Anyway, I left Seattle heading east on I-90. I started to notice for the first time, trucks, caravans, and SUVS, loaded up with a year's worth of living equipment; the comforts of home. I was seeing kids going back to college. Mid-state I turned south onto I-82, which eventually took me through a lot of desert land into Oregon. I was unaware that Washington or Oregon had desert. In Oregon, I-82 met up with I-84, which I took west to the town of Baker City, OR (N 44 46.887', W 117 48.745', elev. 3448 ft.), near the Idaho border, where I stopped for the night. Later in the week, I would be meeting up with my friend Keith in Colorado, so my plan was to head south from Idaho into Utah and do the stuff in Utah, then Arizona, then Colorado, before heading back north and doing stuff in Wyoming, Idaho and Montana. However, I made these plans without really looking at my atlas, and when I finally did, I realized there were no effective paths back into western Wyoming, Idaho and Western Montana without going severely out of my way from Colorado. So I changed my plan a bit. Now I would travel through southern Idaho and into Montana, and then come south into Wyoming before heading to Colorado, and then do Utah and Arizona and eastern Wyoming afterwards. I pretty much lost a day because of this lack of foresight, because it would have been a lot faster to get to Montana had I continued heading east on I-90.

So I got up Sunday morning and headed east into Idaho, and lost an hour going into Mountain Time. Bummer. One of the first things I noticed in Idaho was that signs read Game Crossing, as opposed to Wildlife Crossing, which I had seen in other states. I headed south and west into Idaho, through Boise, with nothing much to report. Idaho is a huge state, and its size is deceptive, especially since it takes up only one page in my atlas because of its sparse population and relative density of roads. Most states, including a small one like Massachusetts, take up two pages. Wyoming, Utah and Alaska are the other huge are, one atlas page states. Idaho took a long time to cross. A long time. Just after Boise, I veered northwest onto Idaho 21. Don't bother looking, its not on the map. Because of its relative size on the atlas page, this looked like a promising road, as it would eventually take me into Missoula, Montana. I soon found out though, it was a mountain road, and had many twists and turns and a speed limit of 45 most of the way. Part way through this part of the trip, I was running low on gas, and since Idaho is so sparsely populated, I was concentrated on just finding gas quickly. I came across the town of Idaho City, and since I was so concentrated on finding the one backwater gas pump in town, I completely forgot to watch the speed limit. In town the speed limit dropped to 25, at least, that's what the officer told me. I was so concentrated on finding a gas station, I didn't even see him flashing behind me until I went to pull into the gas station. He told me he followed me all through town. He asked me if I knew why he pulled me over and I told him I had a pretty good idea it was for speeding. He said I was right, 49 in a 25. Ouch. I apparently glided right past him in my fog, so, I got hit with my second ticket on the trip, and first that I deserved.

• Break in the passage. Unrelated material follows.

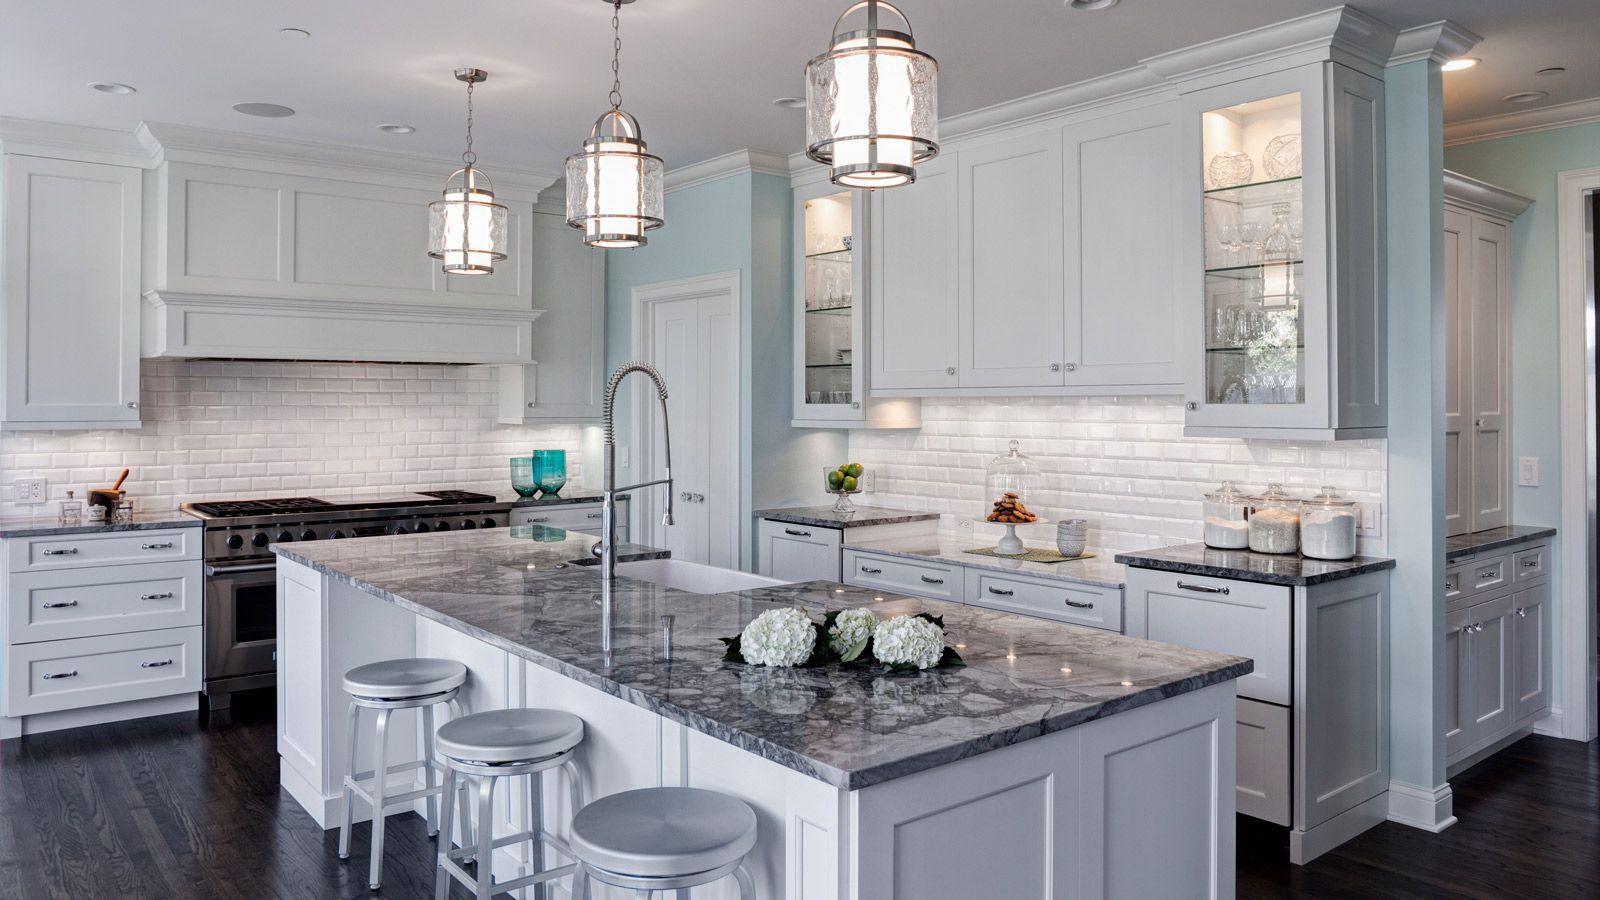 Island White Fantasy Granite Also Know As Aranascato Specialty Stone Light Grey Kitchens Grey Kitchen Island Traditional Kitchen Design

I pumped my gas and headed the rest of the excruciating trip on Idaho 21. After Idaho City, the area did get quite scenic, as I was driving through the Sawtooth National Forest, and near sunset, I stopped to take a few photos, one of which I particularly like, since it contains all the colors of the rainbow.

Idaho

Eventually, Idaho 21 ended and I took Idaho 75 north until it met with US 93 near the Montana border. I was getting really tired at this point, and came upon some motels, all of which had no vacancy, so I just kept driving north until I finally did find a motel with a vacancy, and with a very reasonable price, too, in Hamilton, MT. It was about midnight, and I went up to the room and just crashed for the night. Idaho had taken a lot out of me, but I finally beat it.